• [Exercise]
Copy the data that follows, character for character, minus the pictures.

• [Data extract]
------------------------------
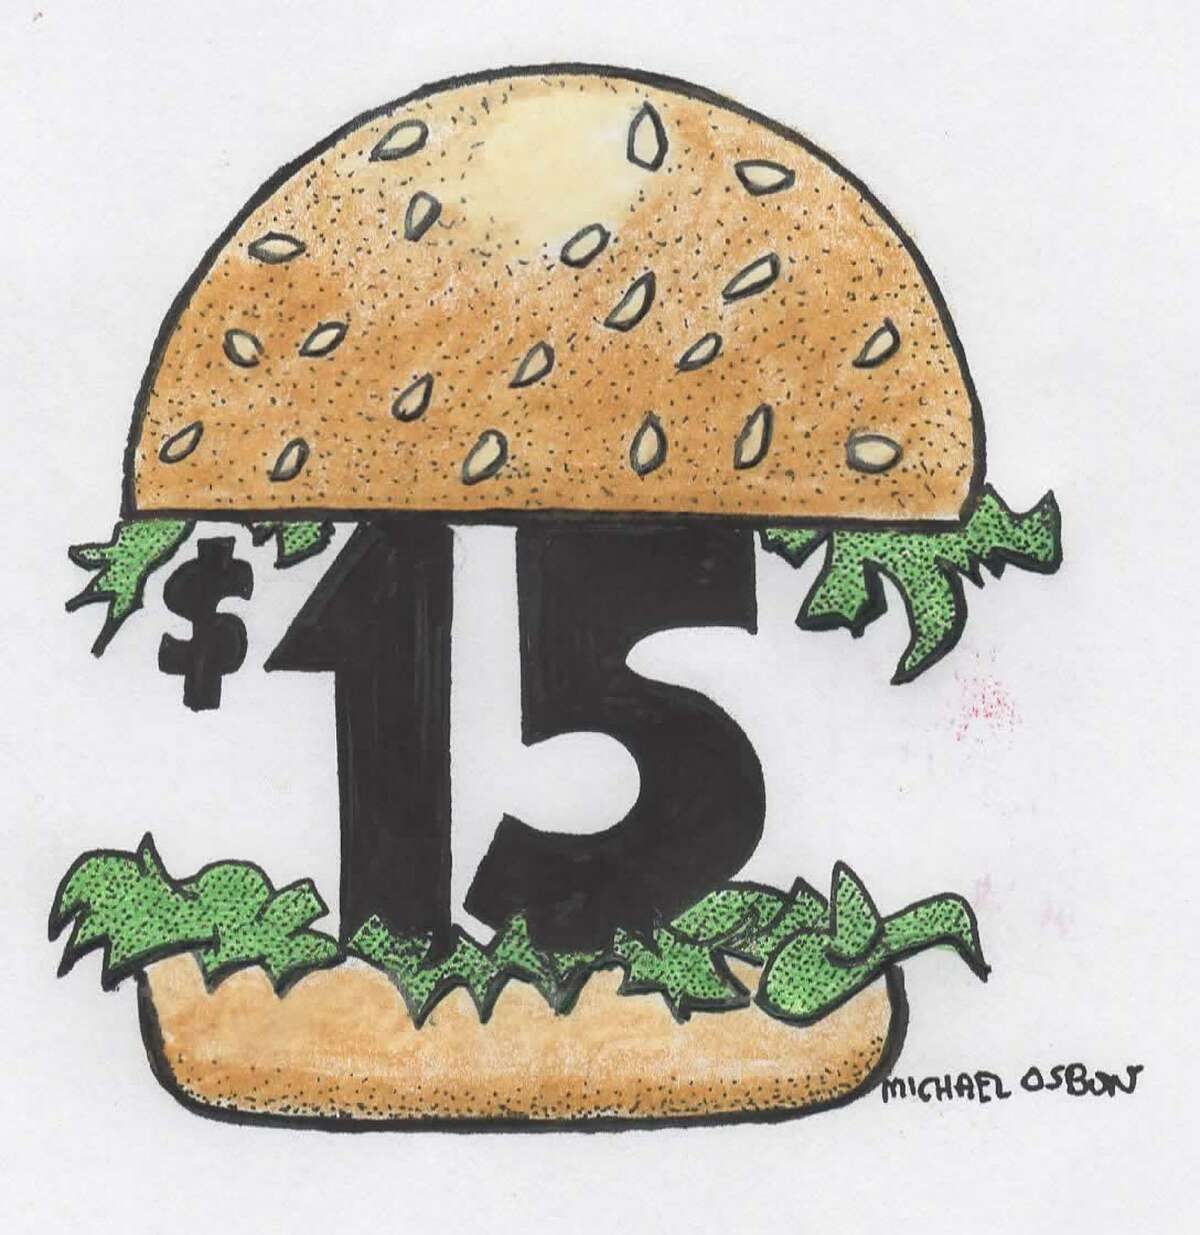 This artwork by Michael Osbun refers to raising the minimum wage to $15/hour.
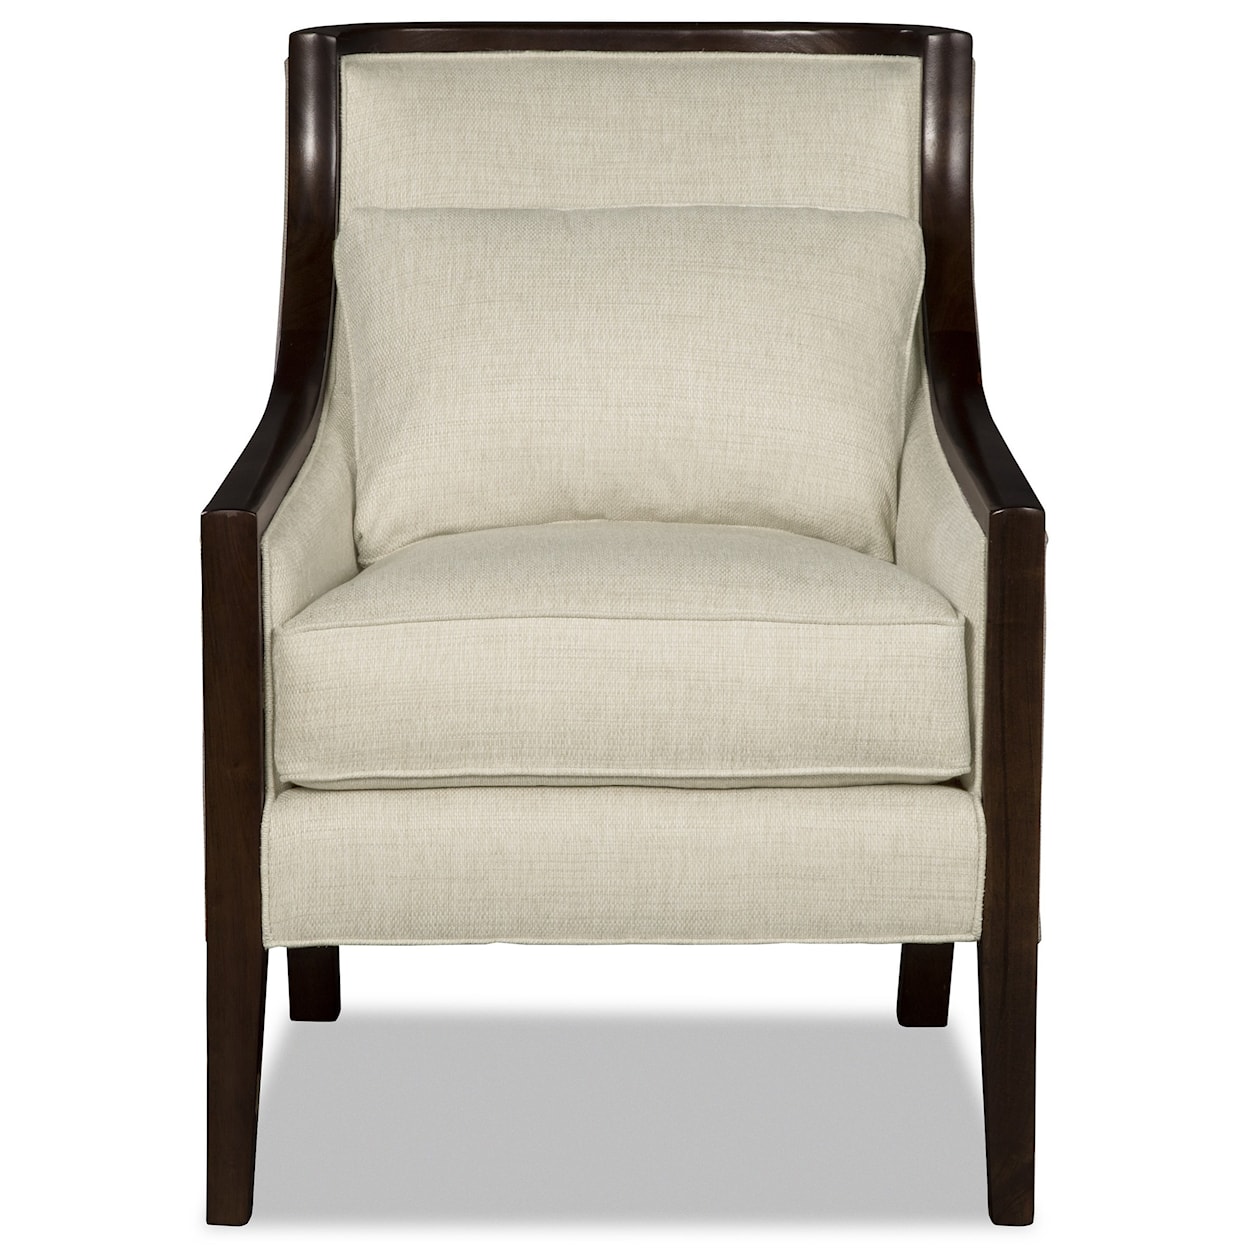 Hickory Craft 001810 Wood Accent Chair
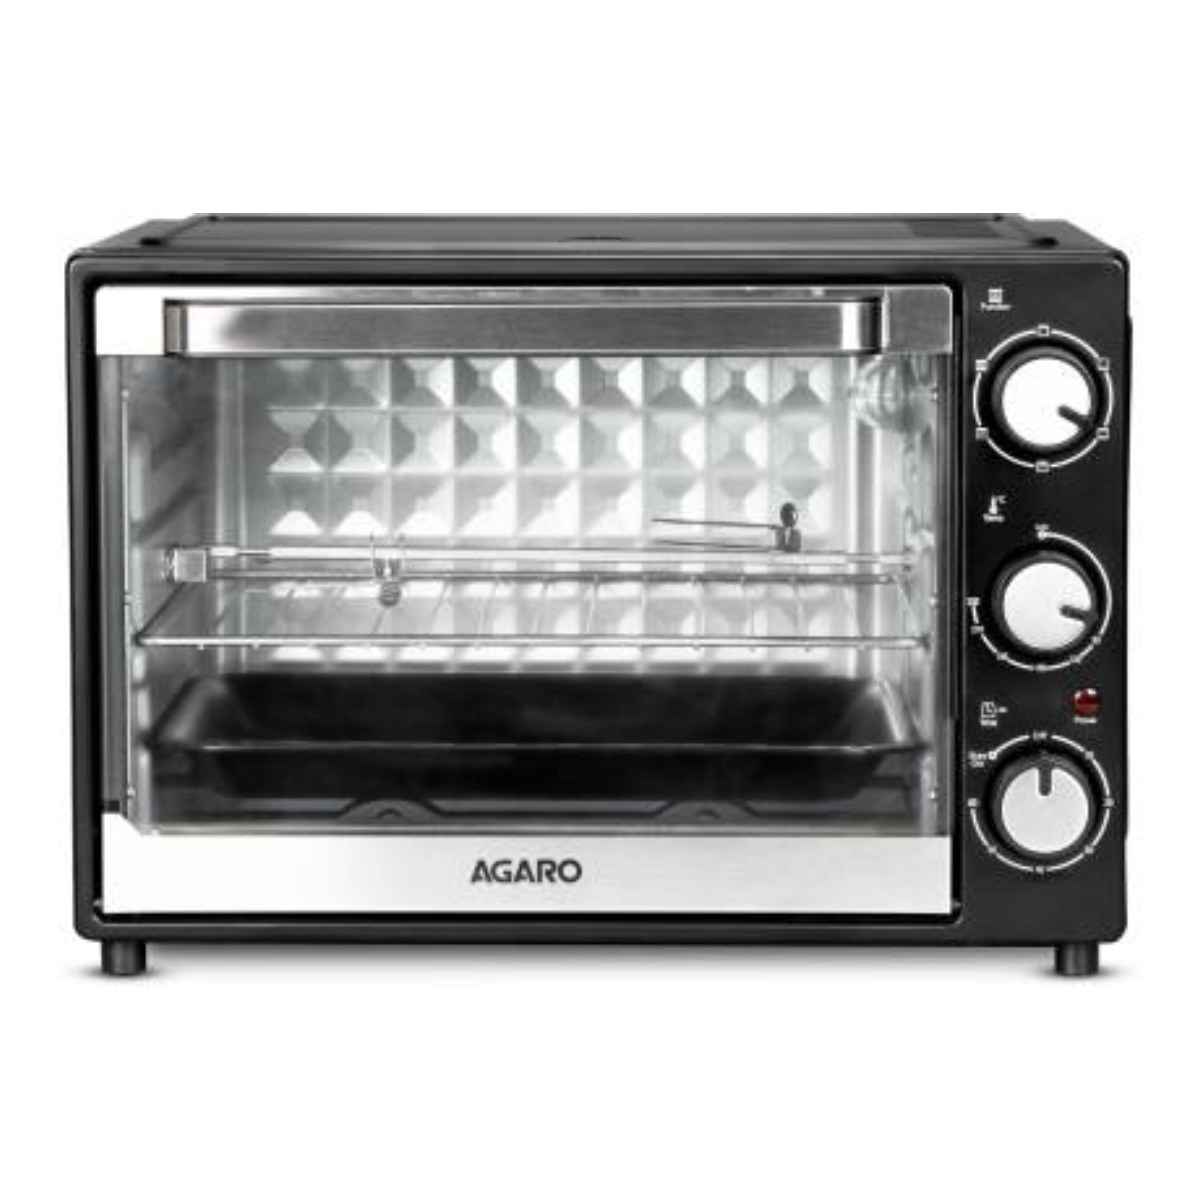 AGARO 40-Litre 33394 Oven Toaster Grill
------------------------------
• [Task answer]
 This artwork by Michael Osbun refers to raising the minimum wage to $15/hour.
 Hickory Craft 001810 Wood Accent Chair
 AGARO 40-Litre 33394 Oven Toaster Grill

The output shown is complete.